Wheeling on a boot heel, he spun the blade once more and drove it forward in a stab that went through his opponent. He could now see the form of an aged man, clad in a grey linen suit and top hat. It flickered as Nancy had, but the eyes held no warmth. The spirit raised another fist and Jericho ducked, stomping forward with his left foot for added force as he thrust the blade yet again. The consecrated steel seemed to cause some pain to the spirit but it did not stop it.
Will, he reminded himself. It wasn't all about the cutting and stabbing, as it had always been in the past.

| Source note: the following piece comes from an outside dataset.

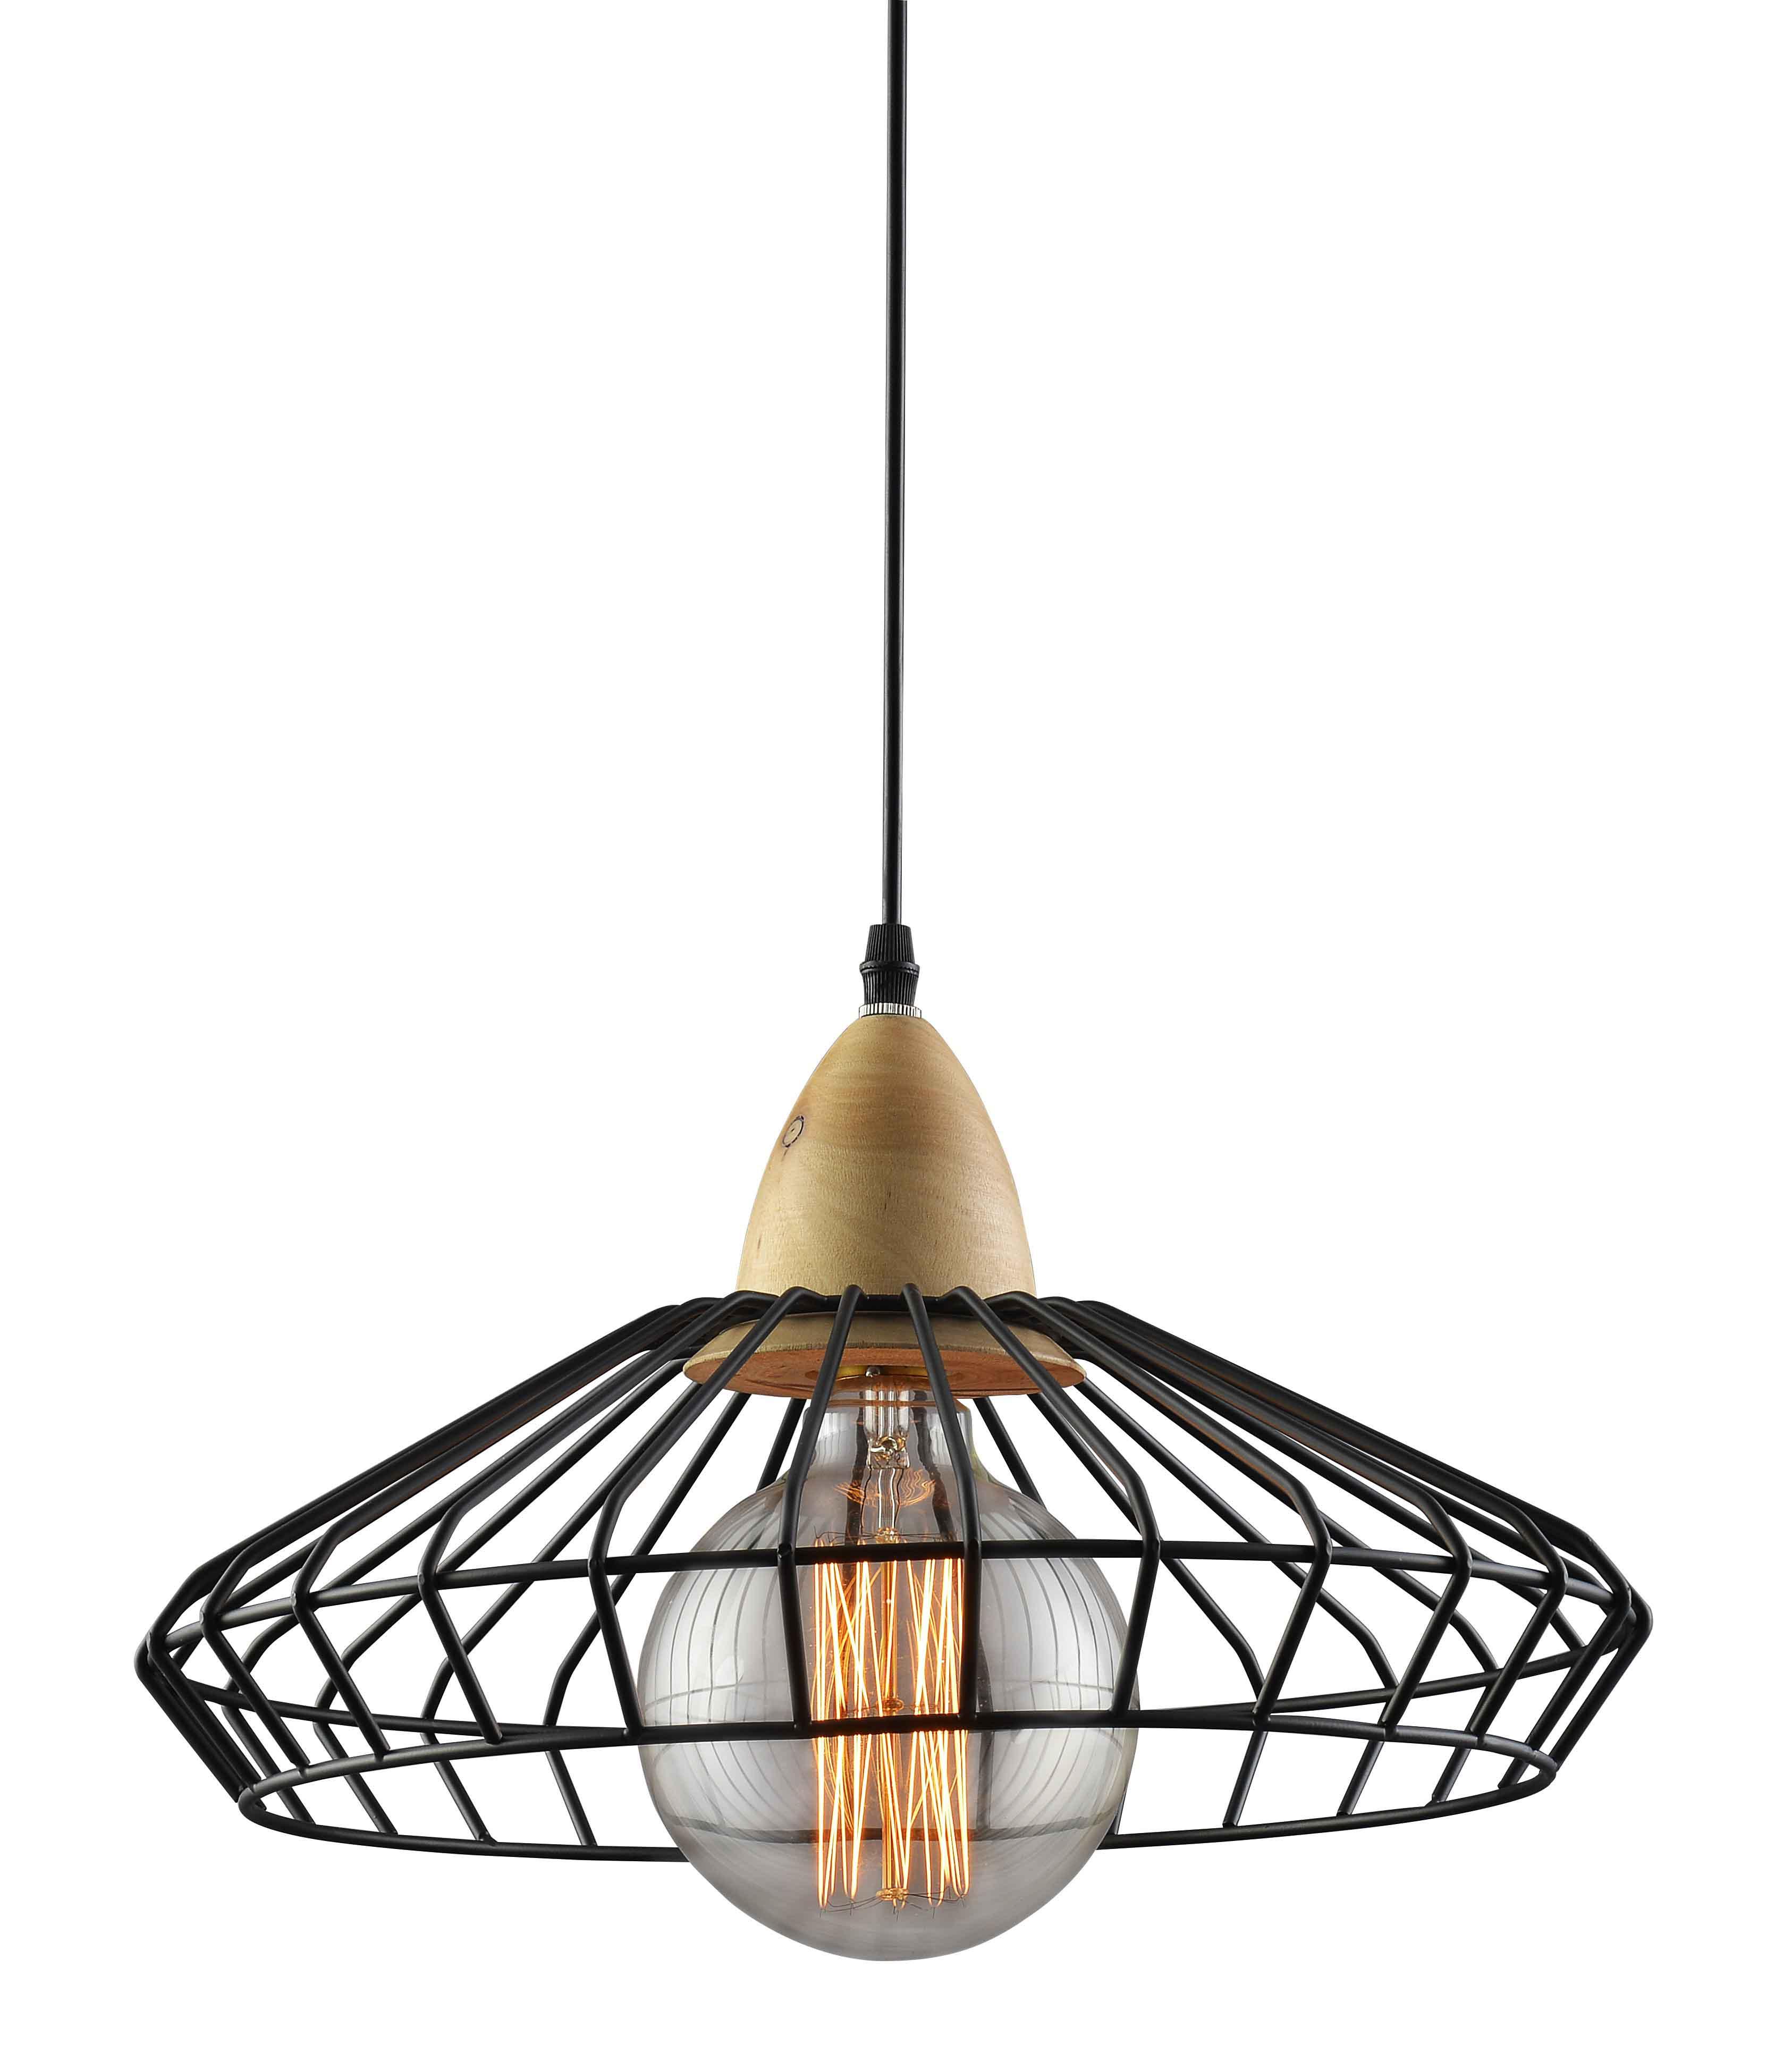 מנורת תליה שילוב ברזל ועץ רינג ביתילי
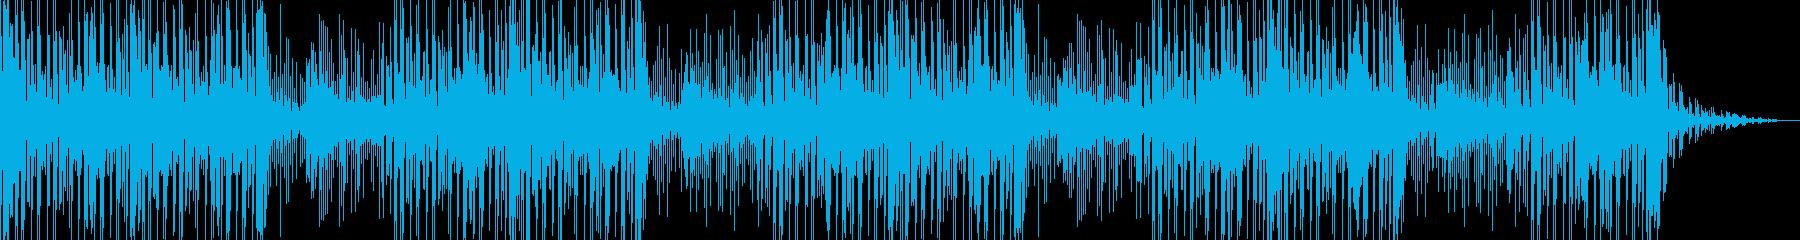 尺八なしの再生済みの波形

His eyebrows arched and then drove together and down as his eyes flashed. "You shoulda had your last sunset back a few years, old timer," he said, reaching out a hand. The spirit recoiled as Jericho's fingers actually clenched around its neck. Reflexively it reached up to remove the choking grasp, but Jericho was there as well, the Bowie plunging in and twisting.
In his mind, the gunslinger saw himself ending the threat, taking the spirit off the f
ield of battle and he knew in his heart he would not fail at this. With a shriek of sound, the spirit drew in on itself and vanished with a puff of air that carried a hint of rosemary.
"Got him," he called to Prescott. He looked up and felt the blood drain from his features.
Row upon row of spirit figures stood between them and the naked stable hand. There were dozens if not a hundred or more, and more seemed to be drifting in to form a wall of spectres.
Prescott was standing his ground, chanting prayers in his strong voice. The spirits were slowly forming a ring around him, unable to get close enough to harm him. His faith shielded him. Jericho looked on with mute approval until it suddenly sunk in that he had no such shield against the forms that even now were sliding silently toward him, passing through the standing stones that offered no barricade against their form.
"See, now, that's some bullshit right there!" he shouted. He pointed at Ben Danner with the glittering blade in his hand. He knew that it was the same move he would have made on the battlefield, directing his force where the enemy was weakest, but at this point, he was the weak point.
"The Lord will rescue me from every evil deed and bring me safely into His Heavenly kingdom. To Him be the glory forever and ever!" Prescott thundered. At the last word, he stomped a foot onto the ground and a ripple of raw force spread from his boot, pushing the spirits back another few feet. The reverend's eyes blazed with energy and he now held his Bible in one hand and his cross in the other.
On the vault, Danner gibbered something that sounded like metal scraping stone. He pointed at Jericho and the legion of spirits turned their attention to him.
"I see why the folks 'round here whipped your ass on a daily basis!" Jericho taunted. He set his lantern on a headstone and drew his skinning knife with his left hand. It might not have seen the consecration that his Bowie did, but now he knew what the reverend meant about will.
"I'm coming for ya, stall mucker!" he yelled, lowering himself into a crouch and then springing to the attack. He focused his emotions into his strikes. All the hate he felt for the men who had killed his beloved Magdalene. The love he had held in his heart for a woman who had accepted the broken shell of a human being that he had been and loved him anyway. The fury at the situation he was in. The sense of helplessness and solitude he had known in so many battles, no matter how many stood with him. Every emotion that had ever coursed through him now came to bear, focused on the razor tips of his blades.